═══ RECORDS SUPPLIED
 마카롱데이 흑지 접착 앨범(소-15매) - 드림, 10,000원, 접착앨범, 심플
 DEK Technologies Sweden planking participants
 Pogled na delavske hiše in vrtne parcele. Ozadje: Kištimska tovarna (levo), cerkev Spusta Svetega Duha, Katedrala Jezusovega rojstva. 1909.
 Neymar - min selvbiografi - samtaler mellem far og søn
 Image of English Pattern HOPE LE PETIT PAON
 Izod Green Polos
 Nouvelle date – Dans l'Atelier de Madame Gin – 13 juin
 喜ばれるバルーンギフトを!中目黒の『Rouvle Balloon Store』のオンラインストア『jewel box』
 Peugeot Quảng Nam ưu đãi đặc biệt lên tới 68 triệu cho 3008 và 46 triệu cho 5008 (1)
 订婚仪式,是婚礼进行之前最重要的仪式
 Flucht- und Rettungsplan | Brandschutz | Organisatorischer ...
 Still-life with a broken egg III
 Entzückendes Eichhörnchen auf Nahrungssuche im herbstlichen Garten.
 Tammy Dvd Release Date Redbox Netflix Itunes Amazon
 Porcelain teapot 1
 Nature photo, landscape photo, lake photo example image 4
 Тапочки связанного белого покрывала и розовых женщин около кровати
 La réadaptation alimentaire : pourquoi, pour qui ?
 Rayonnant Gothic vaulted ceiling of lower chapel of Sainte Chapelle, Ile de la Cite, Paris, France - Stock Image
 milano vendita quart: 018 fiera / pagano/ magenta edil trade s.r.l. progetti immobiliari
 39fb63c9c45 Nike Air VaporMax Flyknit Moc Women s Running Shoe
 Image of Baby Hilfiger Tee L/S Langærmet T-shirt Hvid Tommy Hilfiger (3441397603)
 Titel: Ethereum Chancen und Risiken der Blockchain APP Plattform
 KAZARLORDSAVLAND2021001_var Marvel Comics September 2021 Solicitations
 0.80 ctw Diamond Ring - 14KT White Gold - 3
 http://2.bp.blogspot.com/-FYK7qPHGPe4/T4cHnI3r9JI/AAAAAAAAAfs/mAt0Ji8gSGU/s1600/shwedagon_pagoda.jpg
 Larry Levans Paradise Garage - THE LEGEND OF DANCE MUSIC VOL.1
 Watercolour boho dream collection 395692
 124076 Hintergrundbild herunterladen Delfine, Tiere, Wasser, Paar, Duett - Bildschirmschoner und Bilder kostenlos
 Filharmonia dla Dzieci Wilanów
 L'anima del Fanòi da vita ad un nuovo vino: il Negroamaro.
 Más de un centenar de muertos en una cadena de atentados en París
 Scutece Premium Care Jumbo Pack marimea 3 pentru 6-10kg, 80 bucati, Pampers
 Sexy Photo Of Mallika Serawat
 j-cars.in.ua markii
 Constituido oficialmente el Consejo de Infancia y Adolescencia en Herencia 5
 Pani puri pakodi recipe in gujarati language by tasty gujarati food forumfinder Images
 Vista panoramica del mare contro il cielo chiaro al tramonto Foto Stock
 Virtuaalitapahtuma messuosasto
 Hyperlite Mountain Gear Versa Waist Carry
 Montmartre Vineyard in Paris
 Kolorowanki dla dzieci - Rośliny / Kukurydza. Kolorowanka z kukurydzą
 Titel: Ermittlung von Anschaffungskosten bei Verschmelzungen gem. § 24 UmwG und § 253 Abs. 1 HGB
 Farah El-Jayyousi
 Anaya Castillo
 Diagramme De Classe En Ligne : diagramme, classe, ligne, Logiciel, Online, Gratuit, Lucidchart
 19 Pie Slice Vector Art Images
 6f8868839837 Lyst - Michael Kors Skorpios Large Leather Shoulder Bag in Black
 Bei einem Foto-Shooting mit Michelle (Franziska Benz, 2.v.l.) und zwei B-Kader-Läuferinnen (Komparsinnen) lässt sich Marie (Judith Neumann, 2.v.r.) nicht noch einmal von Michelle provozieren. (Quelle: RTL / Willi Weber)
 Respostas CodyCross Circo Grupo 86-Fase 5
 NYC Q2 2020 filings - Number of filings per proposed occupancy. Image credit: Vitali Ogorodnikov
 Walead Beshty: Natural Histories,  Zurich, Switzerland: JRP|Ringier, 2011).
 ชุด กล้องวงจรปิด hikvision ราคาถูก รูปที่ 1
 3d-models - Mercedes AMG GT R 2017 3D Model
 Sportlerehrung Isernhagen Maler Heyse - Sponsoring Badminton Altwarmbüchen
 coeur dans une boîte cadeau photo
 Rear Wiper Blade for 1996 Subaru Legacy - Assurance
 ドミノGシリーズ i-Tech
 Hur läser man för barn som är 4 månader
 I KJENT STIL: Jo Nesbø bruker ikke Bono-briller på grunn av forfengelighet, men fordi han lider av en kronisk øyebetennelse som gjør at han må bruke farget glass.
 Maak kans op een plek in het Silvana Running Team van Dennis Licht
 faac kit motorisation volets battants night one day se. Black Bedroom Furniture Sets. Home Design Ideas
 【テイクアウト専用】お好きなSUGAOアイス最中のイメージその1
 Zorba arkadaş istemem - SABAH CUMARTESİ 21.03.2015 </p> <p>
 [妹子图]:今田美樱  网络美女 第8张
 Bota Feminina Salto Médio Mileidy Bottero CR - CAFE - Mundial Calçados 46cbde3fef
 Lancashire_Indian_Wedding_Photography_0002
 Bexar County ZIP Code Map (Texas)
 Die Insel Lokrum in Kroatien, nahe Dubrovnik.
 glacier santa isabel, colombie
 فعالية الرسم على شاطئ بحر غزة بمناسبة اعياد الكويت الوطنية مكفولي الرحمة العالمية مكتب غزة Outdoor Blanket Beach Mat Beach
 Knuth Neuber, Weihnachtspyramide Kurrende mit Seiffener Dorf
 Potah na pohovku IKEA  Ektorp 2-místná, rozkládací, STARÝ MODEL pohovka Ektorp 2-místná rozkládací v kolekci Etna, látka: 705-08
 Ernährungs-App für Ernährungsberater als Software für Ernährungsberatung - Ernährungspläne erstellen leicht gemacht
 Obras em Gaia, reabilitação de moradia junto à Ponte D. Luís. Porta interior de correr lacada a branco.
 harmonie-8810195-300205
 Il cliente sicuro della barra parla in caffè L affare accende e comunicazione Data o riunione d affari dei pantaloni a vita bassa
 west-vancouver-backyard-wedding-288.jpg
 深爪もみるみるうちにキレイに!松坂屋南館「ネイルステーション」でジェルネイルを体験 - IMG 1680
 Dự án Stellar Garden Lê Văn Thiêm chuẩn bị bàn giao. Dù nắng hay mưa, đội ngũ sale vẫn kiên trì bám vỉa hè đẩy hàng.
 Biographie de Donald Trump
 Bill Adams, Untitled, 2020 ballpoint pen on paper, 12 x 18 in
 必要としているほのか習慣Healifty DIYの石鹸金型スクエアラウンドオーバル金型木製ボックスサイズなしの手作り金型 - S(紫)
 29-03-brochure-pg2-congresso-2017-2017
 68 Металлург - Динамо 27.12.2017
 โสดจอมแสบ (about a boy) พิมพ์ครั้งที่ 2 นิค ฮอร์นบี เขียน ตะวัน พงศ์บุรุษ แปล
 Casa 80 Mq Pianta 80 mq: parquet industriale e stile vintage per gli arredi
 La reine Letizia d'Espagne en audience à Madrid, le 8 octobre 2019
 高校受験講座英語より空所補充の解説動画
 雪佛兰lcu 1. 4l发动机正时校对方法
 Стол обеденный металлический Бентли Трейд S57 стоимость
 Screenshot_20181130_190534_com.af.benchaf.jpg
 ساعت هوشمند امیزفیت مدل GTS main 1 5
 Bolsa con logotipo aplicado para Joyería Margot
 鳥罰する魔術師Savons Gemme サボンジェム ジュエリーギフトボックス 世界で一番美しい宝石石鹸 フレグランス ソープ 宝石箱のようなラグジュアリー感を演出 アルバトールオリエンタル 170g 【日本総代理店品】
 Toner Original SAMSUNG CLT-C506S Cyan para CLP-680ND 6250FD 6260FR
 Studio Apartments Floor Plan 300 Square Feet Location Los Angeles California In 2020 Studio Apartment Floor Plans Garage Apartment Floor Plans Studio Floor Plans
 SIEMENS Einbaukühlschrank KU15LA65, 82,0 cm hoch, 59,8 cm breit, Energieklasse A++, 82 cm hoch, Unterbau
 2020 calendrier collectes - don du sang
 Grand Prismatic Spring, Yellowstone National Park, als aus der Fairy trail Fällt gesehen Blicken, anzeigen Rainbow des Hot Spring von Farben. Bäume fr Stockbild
══════
WHAT TO DO:
Beginning at the line with "glacier santa isabel, colombie" and stopping after the line with "Knuth Neuber, Weihnachtspyramide", please write out every line of the data above exactly and nothing else.

RESPONSE:
 glacier santa isabel, colombie
 فعالية الرسم على شاطئ بحر غزة بمناسبة اعياد الكويت الوطنية مكفولي الرحمة العالمية مكتب غزة Outdoor Blanket Beach Mat Beach
 Knuth Neuber, Weihnachtspyramide Kurrende mit Seiffener Dorf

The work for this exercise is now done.